▶ _WHAT THE TASK REQUIRES_: Filter the entries, keeping every line with the word "Glitter".

▶ _INPUT_:

==*==

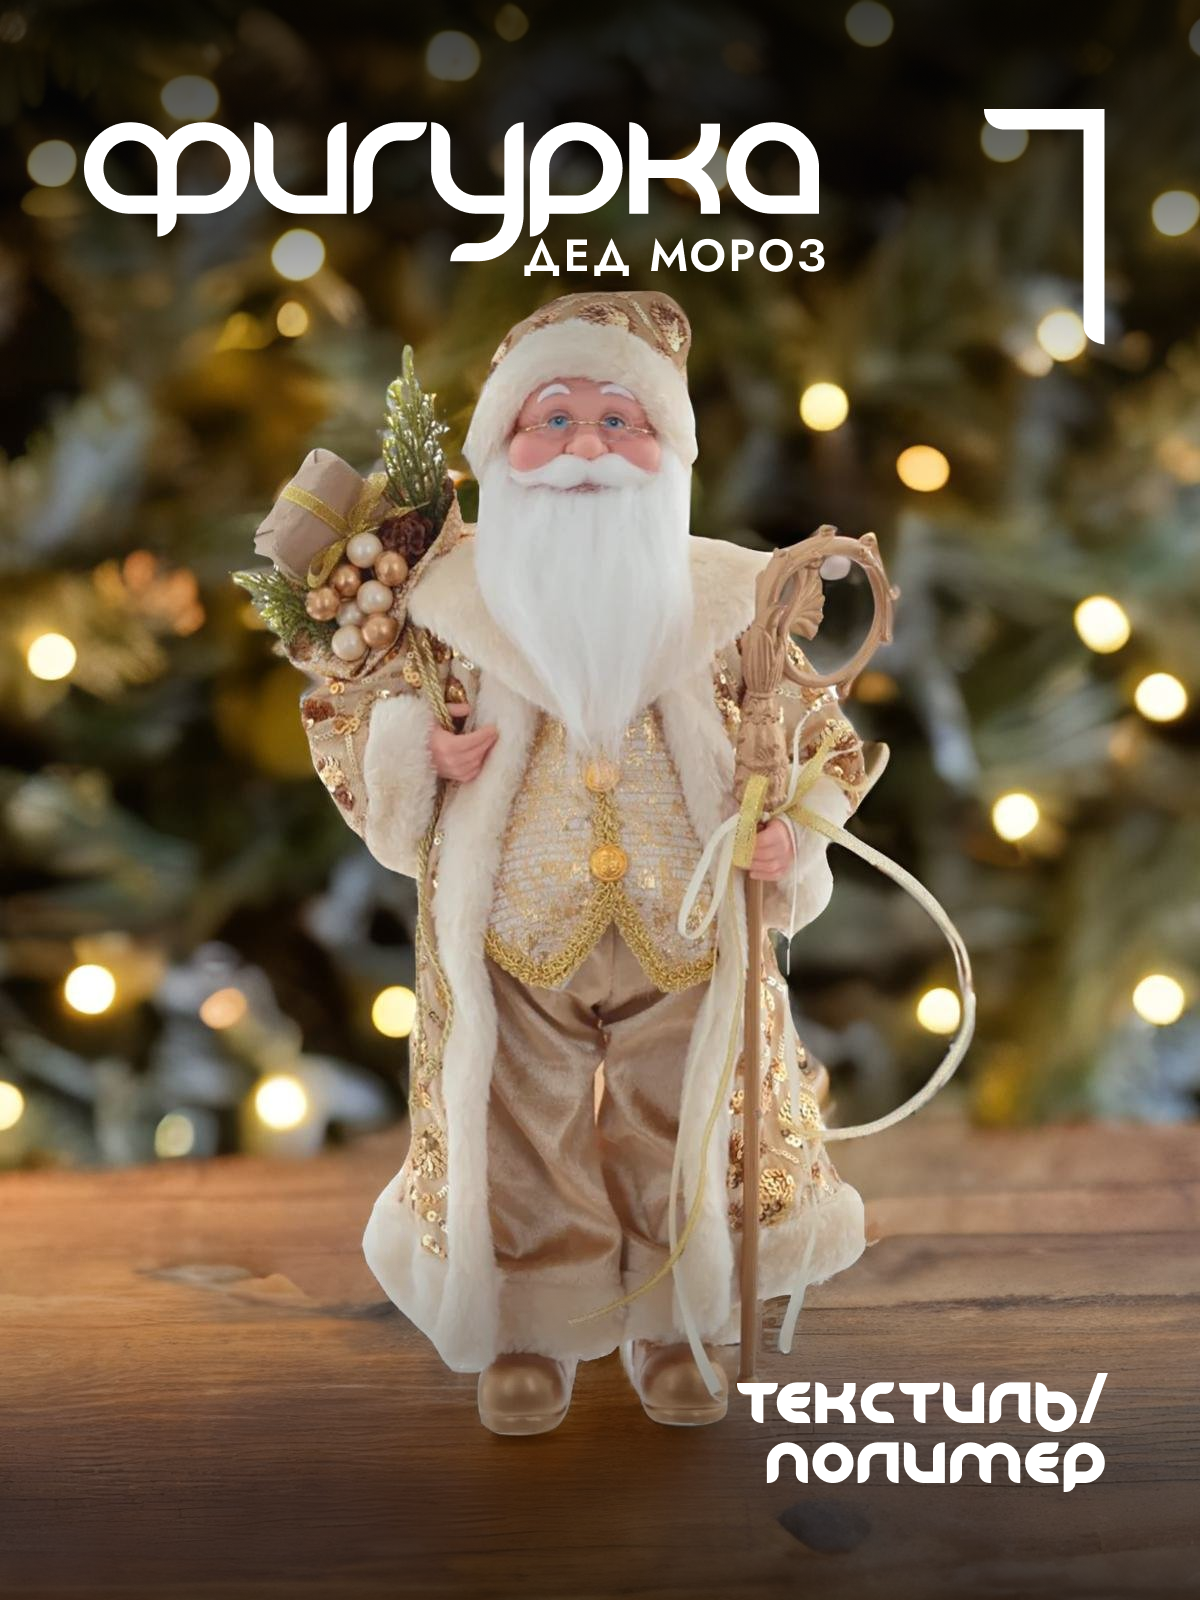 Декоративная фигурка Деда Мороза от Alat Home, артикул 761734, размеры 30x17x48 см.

==*==

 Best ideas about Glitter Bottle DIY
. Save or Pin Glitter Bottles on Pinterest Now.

==*==

▶ _REPLY TO THE EXERCISE_:
 Best ideas about Glitter Bottle DIY
. Save or Pin Glitter Bottles on Pinterest Now.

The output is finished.